When was the last time you stopped grading, writing, reading or writing up committee reports and went to the gym? In "Performance Pressure," published this week in the Canadian academic journal Academic Matters, Megan A. Kirk and Ryan E. Rhodes are betting you didn't do it lately. In "Performance Pressure" they argue that assistant professors are particularly at risk. "Being a professor is a profession that has been shown to have the longest work hours, heaviest work demands, highest psychological stress, and lowest occupational energy expenditure compared to other professional occupations," they write.
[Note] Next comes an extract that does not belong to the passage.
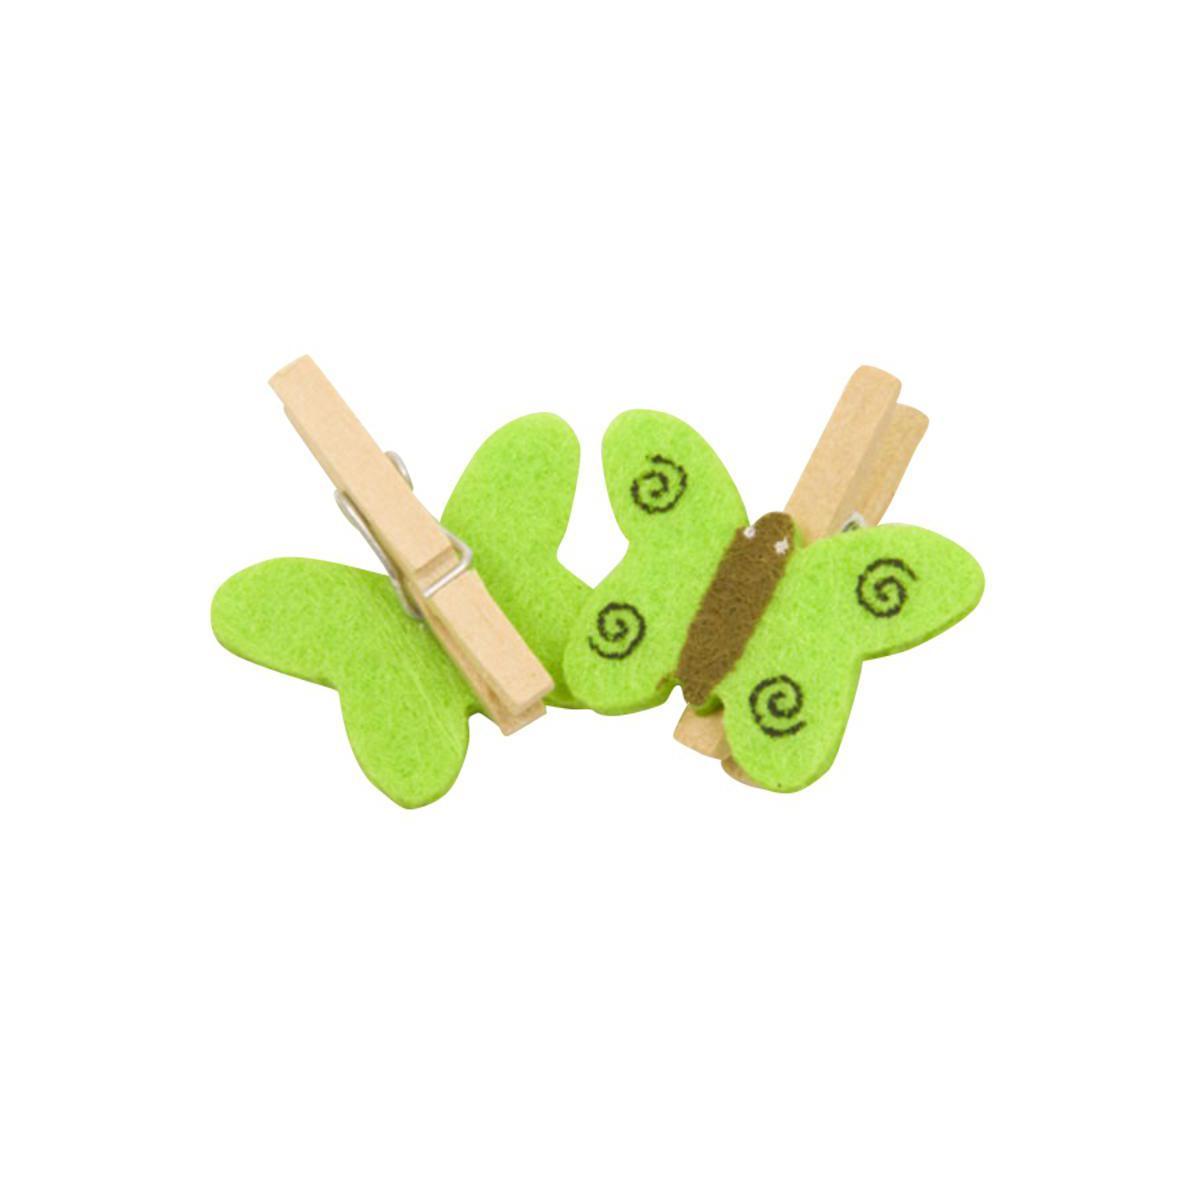 10 pinces décoratives avec papillon - Bois et feutrine - 2,5 x 2,5 cm - Vert menthe

Hence, among all professional workers, new faculty are most likely to become mentally run-down and unhealthy for lack of exercise:
For many, the allure of becoming a professor is the promise of a career that involves freedom of choice, national funding, opportunities for promotion, secured tenure-track advancement, and a flexible work schedule. It is no secret, however, that the path to becoming an established professor requires years of grueling, all-consuming service to prove oneself as worthy.
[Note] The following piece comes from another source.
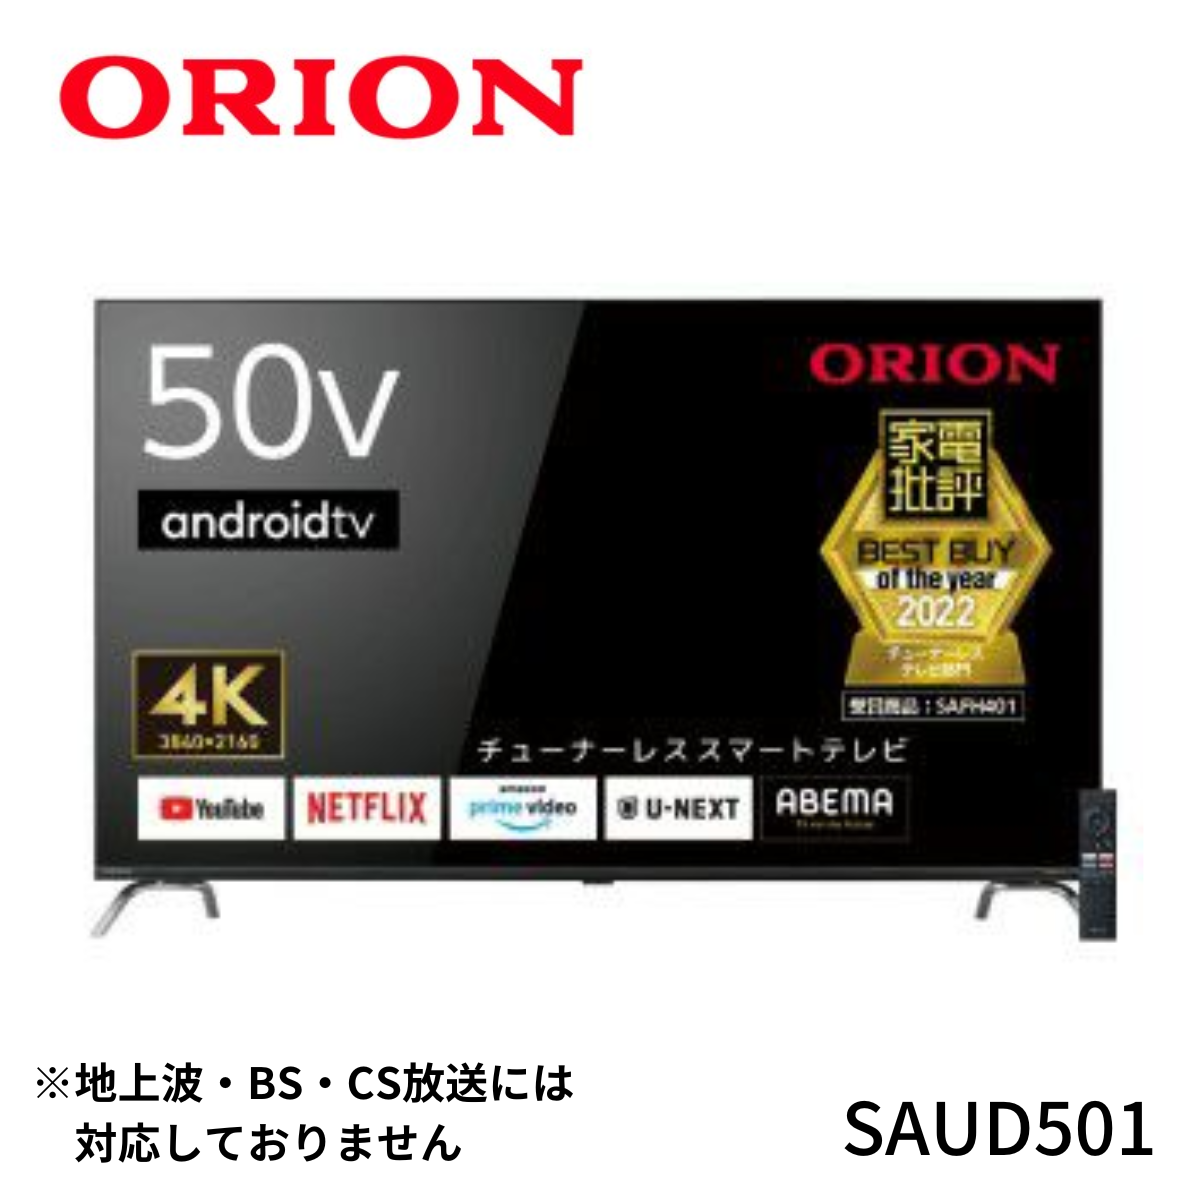 ORION 】AndroidTV™搭載 チューナーレス スマートテレビ 50v型 | SAUD501

Assistant professors, those who have recently entered the academic profession, aim to reach tenure by spending countless hours teaching, marking, grant writing, publishing, reading, analyzing, recruiting, and presenting. Most of these “rookies” are also juggling relationships, families, and other personal goals. The reward is that once tenure status is granted, life as a professor can be absolutely wonderful. Or so we think. What if the pressure, expectations, and stress endured while trying to obtain a tenure-track position had devastating consequences on your long-term physical and emotional health?
In a sample of 267 assistant professors who had been hired in the last five years, Kirk and Rhodes found that only 30.7% were meeting a minimum level of physical activity necessary to maintain good adult health. This compares to 50% of young Canadian professionals who are meeting this basic standard. "The declining trend in physical activity was not independent of certain socio-demographic profiles," they note. "Those who indicated they were married, and worked 70-plus hours of work per week reported sharper decreases in physical activity across the transition compared to those who were single and working fewer than 70 hours." Having children was also a co-factor, which will not surprise those of you out there who are parents.
One recent preoccupation of this blog and a great many other publications has been the great difficulties of life as an adjunct or contract faculty member. But here's a question: although there are tremendous differences in salary, security and work conditions between ladder track faculty and others, are labor conditions that have marginalized some also putting increasing pressure on those who seem to be succeeding in this narrowing labor market? One of the things we all know implicitly is that the tremendous pressure to achieve tenure occurs in part because to not get tenure has a great likelihood of being a career-ending moment. That is a psychological stressor, including an inducement to work harder -- even at things that will never be noticed in a review. One thing I have suspected for a while is that there is simply more work to do than there was twenty years ago, even putting aside raised expectations for scholarly production in the social sciences and the humanities. Colleges and universities are accepting more students; many of the students we accept are more difficult to teach for a variety of reasons; the increased demand for measurable outcomes; and the drop in full-time teaching staff who can be expected to undertake and be responsible for these tasks makes them more time-consuming.